Dataset entries =>
★ ★ ★ ★ ★

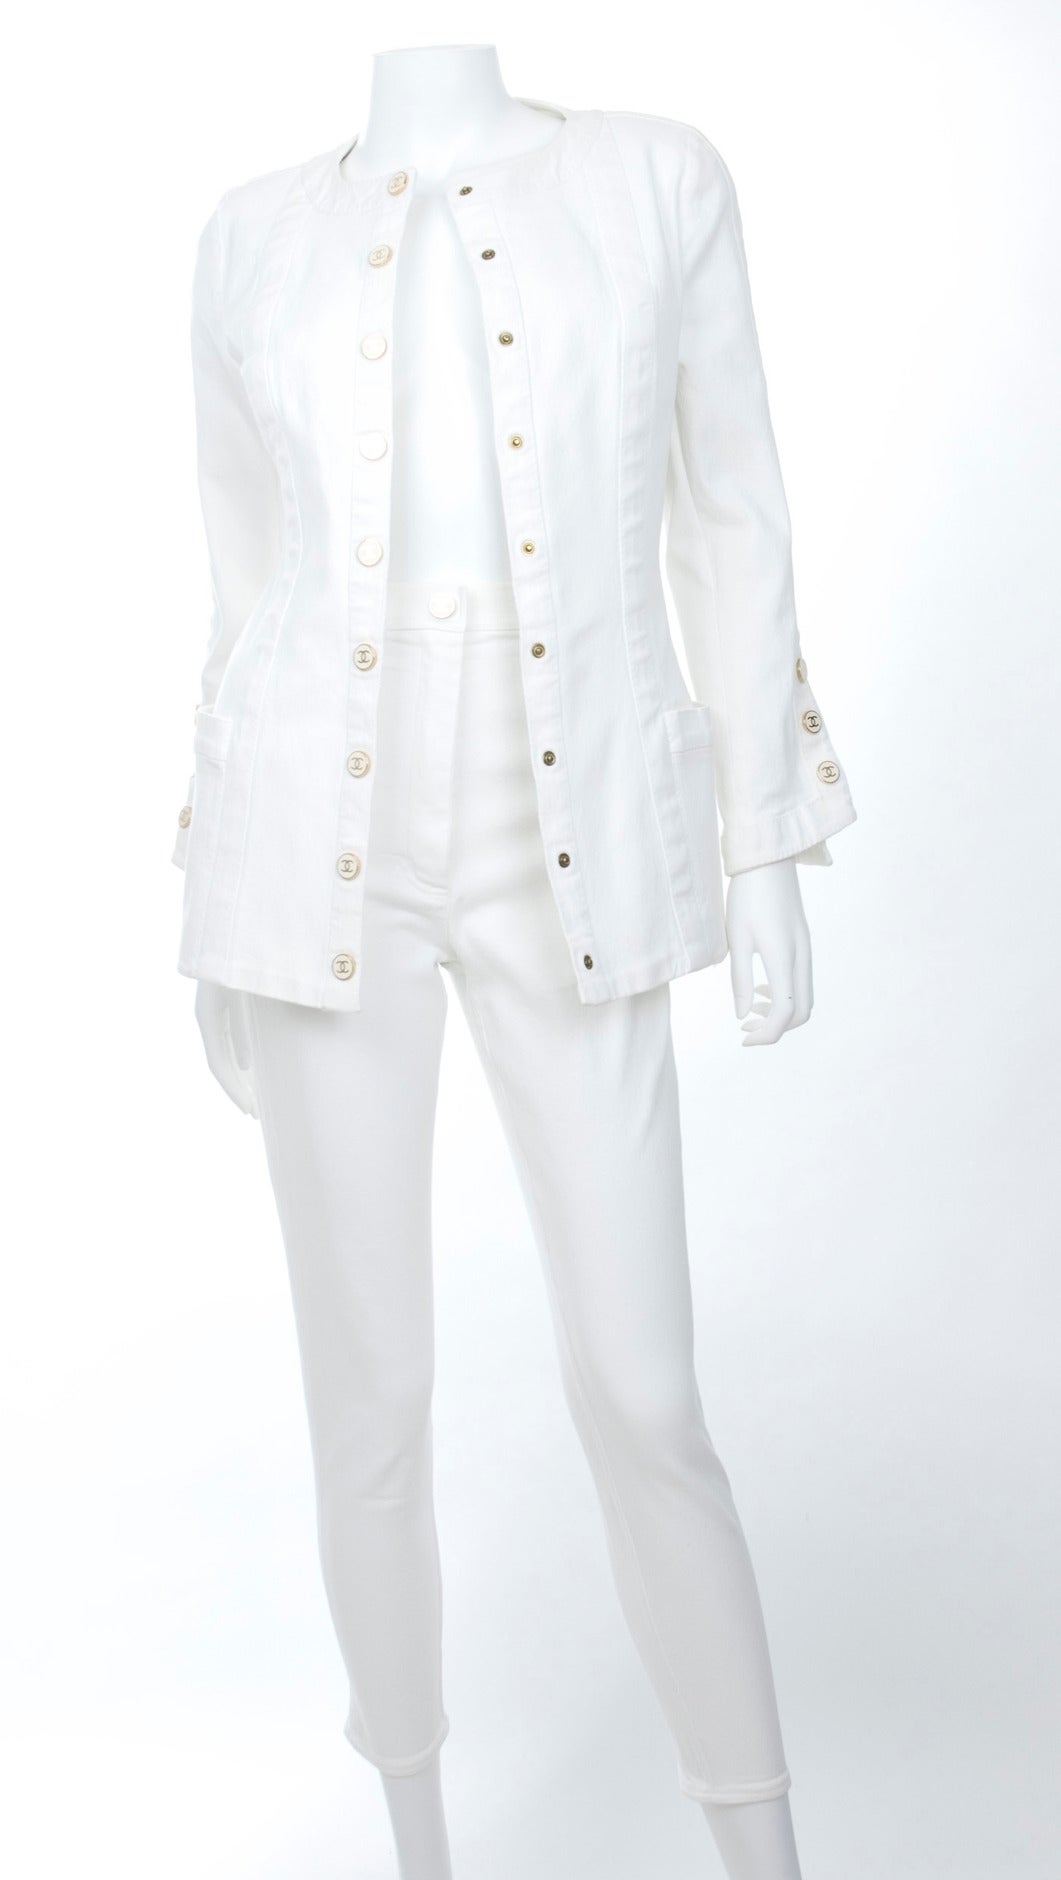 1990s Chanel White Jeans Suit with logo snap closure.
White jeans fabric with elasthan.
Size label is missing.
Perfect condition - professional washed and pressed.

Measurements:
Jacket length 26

★ ★ ★ ★ ★

WHAT YOU SHOULD DO =>
Write out an exact transcription of the line with "Perfect condition - professional" and of each line after it; stop at the end of the records.

TASK SOLUTION =>
Perfect condition - professional washed and pressed.

Measurements:
Jacket length 26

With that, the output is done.